By Cheryl Pellerin
American Forces Press Service
German army Maj. Gen. Hans-Werner Fritz and his deputy commander, U.S. Army Col. Sean Mulholland, briefed reporters at the Pentagon during a video teleconference from their headquarters in Mazar-e-Sharif.
“I think the influence of the Taliban is diminishing, definitely,” Fritz said.
“They are leaving the area. If they don't leave, they are killed. They are handing themselves over to us … by the reintegration program. So they are simply giving up,” he added, noting that the “security bubble” around Kunduz and Baghlan provinces and further west is permanently expanding.
The 11,000 troops of Regional Command North include Germans, Norwegians, Swedes, Hungarians and Turks. U.S. forces are based in the area as part of the Afghan army and police training effort. The regional command is using special operations forces in shaping operations before conventional troops enter the area, Mulholland said, “and we've had great success winning the hearts and minds of civilians once the conventional forces have gone in.”
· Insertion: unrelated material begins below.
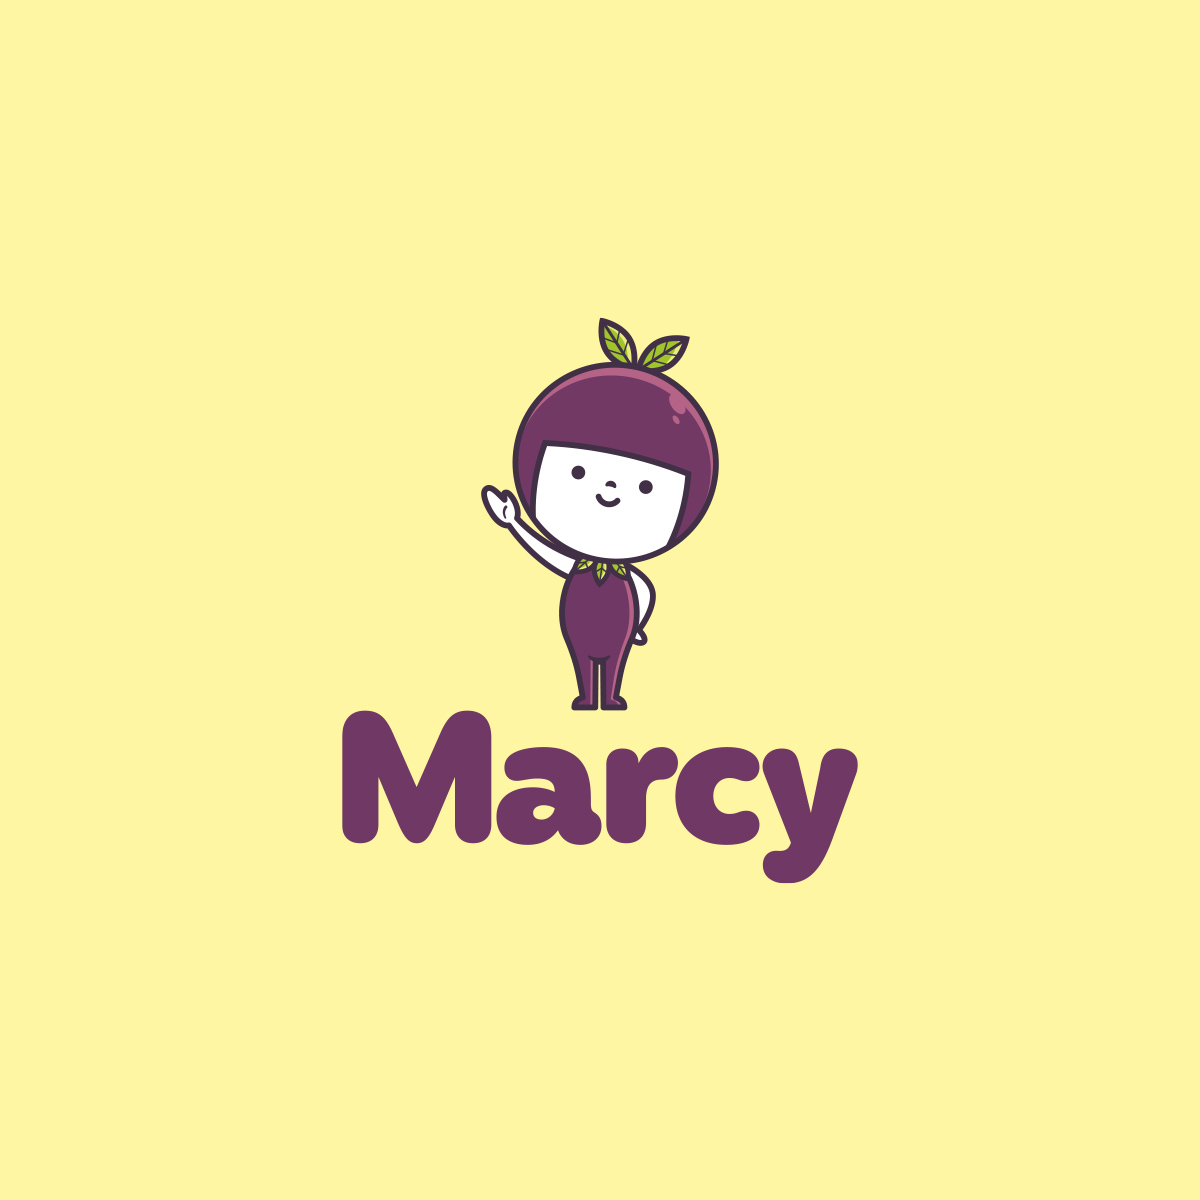 Various-Logos_Marcy

“We've been able to hold large expanses of terrain and also build COPs -- combat outposts -- and [forward operating bases] to secure and anchor those areas that have been gained through the winter time,” he added.
As an adjunct to that, Mulholland said, the Afghan Peace and Reconciliation Program has taken off in Regional Command North as people have decided to side with the Afghan government or simply don’t want to fight any more.
The reconciliation program is one of two the regional command offers, Fritz said. The other is the Afghan Local Police program.
“The reconciliation program allows them, after they've been forgiven [by their communities] and enrolled in the program, the opportunity for vocational training,” Mulholland said. “While they're going to training, they receive a stipend of $88 a month to keep food on the table.”
When applicants sign into the reconciliation program, Mulholland said, they are vetted by the local police and the provincial chief of police and are forgiven by the people from their village. The program allows them to learn one of several vocations, such as teaching. It also allows them, if they meet legal requirements, to join the Afghan Local Police.
“The ALP is actually a job,” Mulholland said. “It’s a program they can stay enrolled in for two to five years.”
Both programs, he added, “are good alternatives to what they're doing now.”
All applicants for both programs must register, must agree to live by the Afghan constitution and Afghan law, and must accept the Afghan government’s authority.
The regional command monitors an area that has experienced a growth in Taliban activity along with an increase in combat troops. The U.S. Army’s 4th Combat Aviation Brigade from Fort Hood , Texas , and the 10th Mountain Division’s 1st Brigade Combat Team from Fort Drum , N.Y. , Fritz said, serve in the area along with two German battle groups.
An example of the close working relationships among the diverse troops occurred in October, Fritz said, during a day of fierce fighting.
“A suicider attacked a German position -- these were paratroopers from my division in Germany ,” he said. The suicide attacker killed one German soldier and wounded many more. The troops called for medical evacuation, and two U.S. UH-60 Black Hawk helicopters from Fort Campbell , Ky. , answered the call.
“As we say in German, there was a lot of iron in the air,” Fritz said.
The helicopters recovered the wounded and took off, he said, then the crews realized a dead German soldier remained on the ground.
“They came back under fire, they recovered the soldier and they said, ‘We are taking home a fallen hero,” Fritz said. “And I can promise you, the German paratroopers, the German ‘Fallschirmjager,’ will never forget that. This is the quality of cooperation we are talking about.”
Fritz said his regional command has momentum against the Taliban and aims to keep it.